That is just like the car I've ordered, apart from mine has an all black interior!

OMG can't wait now.


----------



## MP (Feb 22, 2008)

Have any TTS's hit the dealers yet?

I asked Bolton Audi today and was told that they are due to get one in 2 weeks time and they'll give me a ring when it arrives.

Don't really want a test drive as I'll want one!


----------



## pixelpower (May 18, 2008)

Nice. All it needs is an 88mm bolted on top and we'd all be in trouble.


----------



## pixelpower (May 18, 2008)

I think that's Brilliant Black. Mine is Phantom Black and there seems more depth to it.

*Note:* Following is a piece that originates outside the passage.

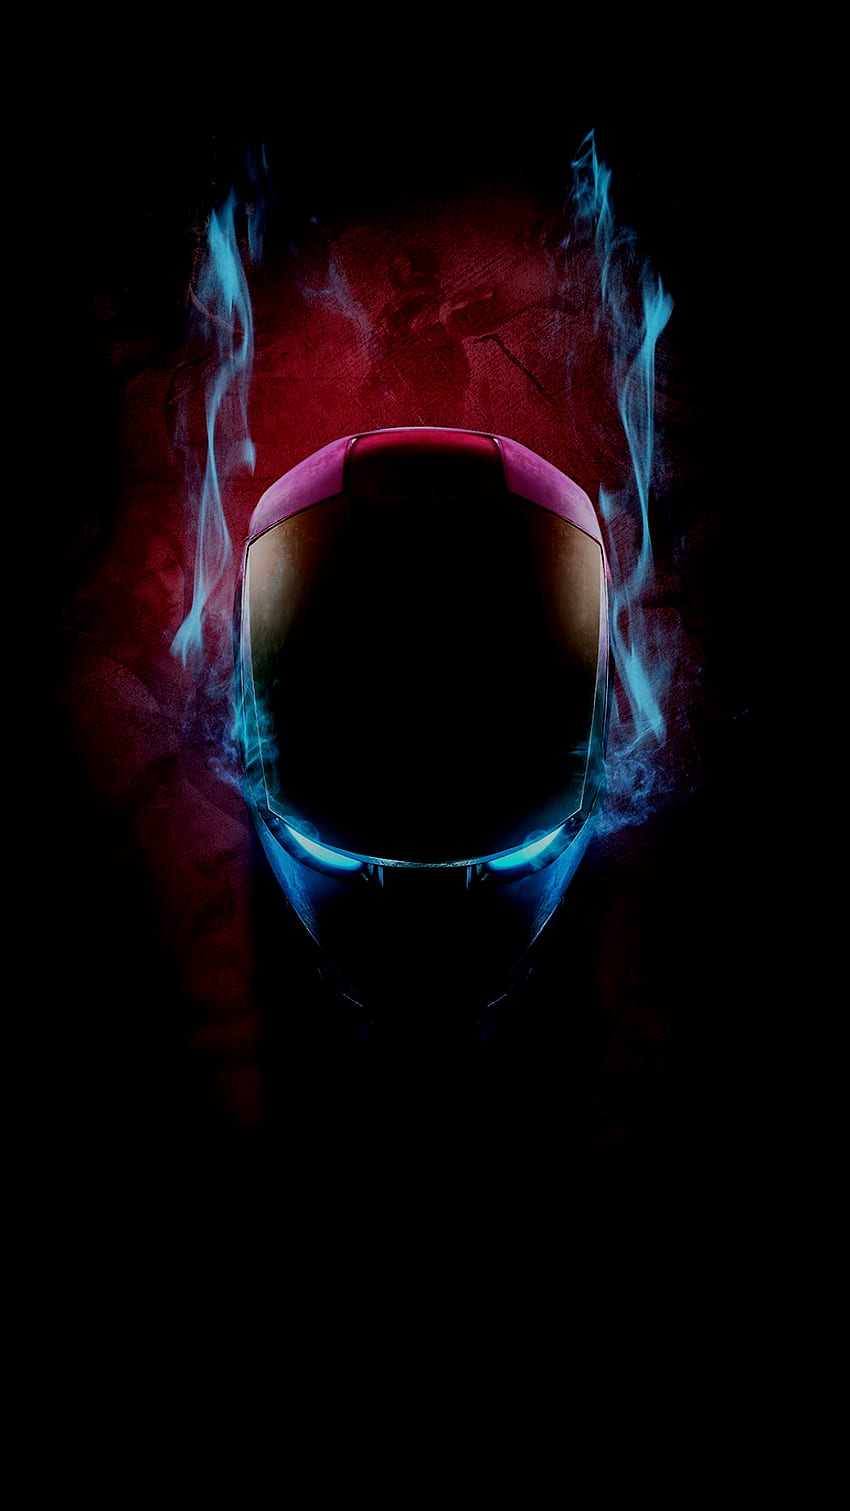 Took BossLogic's post and tried to turn it into an AMOLED, Iron Man OLED HD phone wallpaper

Difficult to tell unless they're side by side in reality - bought Phantom cause it's a cost option, so it must be better. 
]


----------



## ChrisB72 (Feb 1, 2005)

Why did I look at these pictures......I feel the need to look at my bank balance again or get a few lottery tickets bought!!

Black looks very good and I like the 18'' alloy design although not sure if the angle of the pics or not, but they look smaller than 18'' and the tyre look smaller too?! It also looks like it's sitting as high as a standard 2.0T....again could just be the pics!

Oh why oh why oh why did I look at these pictures.......I WANT ONE!!!!


----------